Copied from Treasurebeach.net


For lovers of literature and a good time, Two Seasons Talking Trees Literary Fiesta is happening on Saturday, February 25, 2012 in Treasure Beach on the grounds of Two Seasons Guest House (www.2seasonsguesthouse.com). Please do visit our blog at www.2seasonsguesthouse.com/blog for details. 

The programme is a a stimulating mix of well-known and new Jamaican writers, who will begin to tell their stories at 10 a.m. The poetic voices of Michael Abrahams, Malachi Smith, Easton Lee, Christine Craig, Monique Morrison, fabian thomas, and Kalilah Enriquez will be joined by folklorist Fern Luecke, novelists Melanie Schwapp, Roland Watson- Grant, Igoni Barrett and non-fiction writer, Mark Thomas. 

Playwright Aston Cooke will give a first reading of his production Jonkanoo Jamboree, which was written especially for Jamaica’s 50th Independence celebrations. 

The focus of the panel discussion is Writing for Children, and panelists are children’s writers Diane Brown, Jean Forbes, Kellie Magnus, and Sharon Martini. Suzanne Francis-Brown will be the moderator. 

A children’s programme will run simultaneously through the day managed by Ingrid Blackwood. 

Talking Trees is part of the Treasure Beach Culture Fest 2012, taking place from February 24-26, 2012. 

Warm regards

----------


## jeannieb

I was happy to read this. I know many people were upset when Calabash Festival was cancelled.
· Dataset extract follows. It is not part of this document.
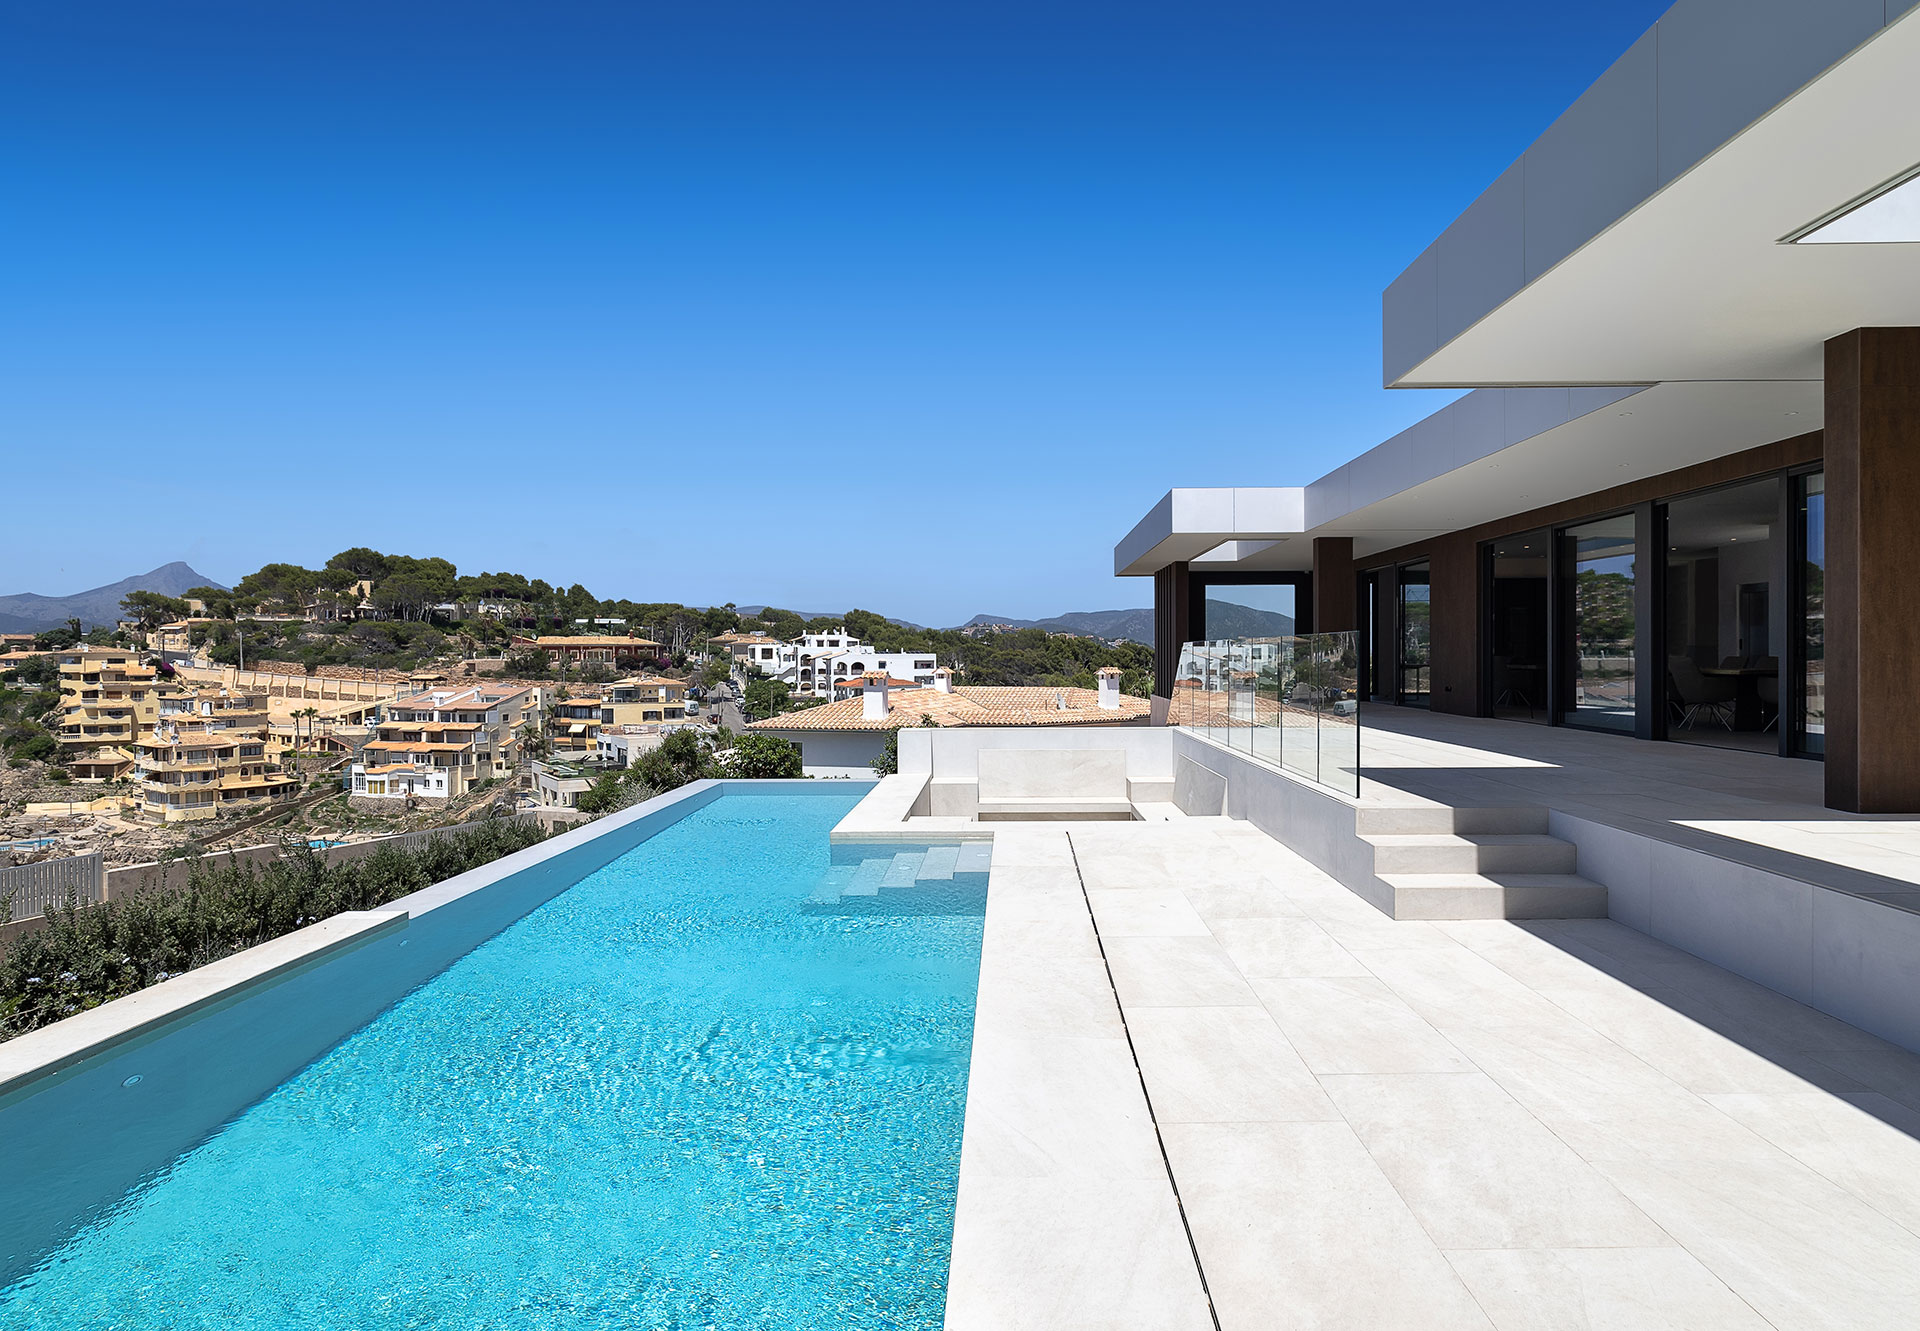 Luxury villa with pool in Majorca

Any word if it will be re-started or is this it's replacement?

----------


## nige

Hi Jeannie, yep its back  :Smile:  

http://www.calabashfestival.org/2011/index.htm

----------


## jeannieb

Hey Nige. Thanks, I'll pass on the word.

----------


## ackee

Calabash is back for 50th Anniversay Celebration May 2012 ...

----------


## Reggae_Girl98

And still going strong in 2014 !
http://www.calabashfestival.org/2014/schedule.html

----------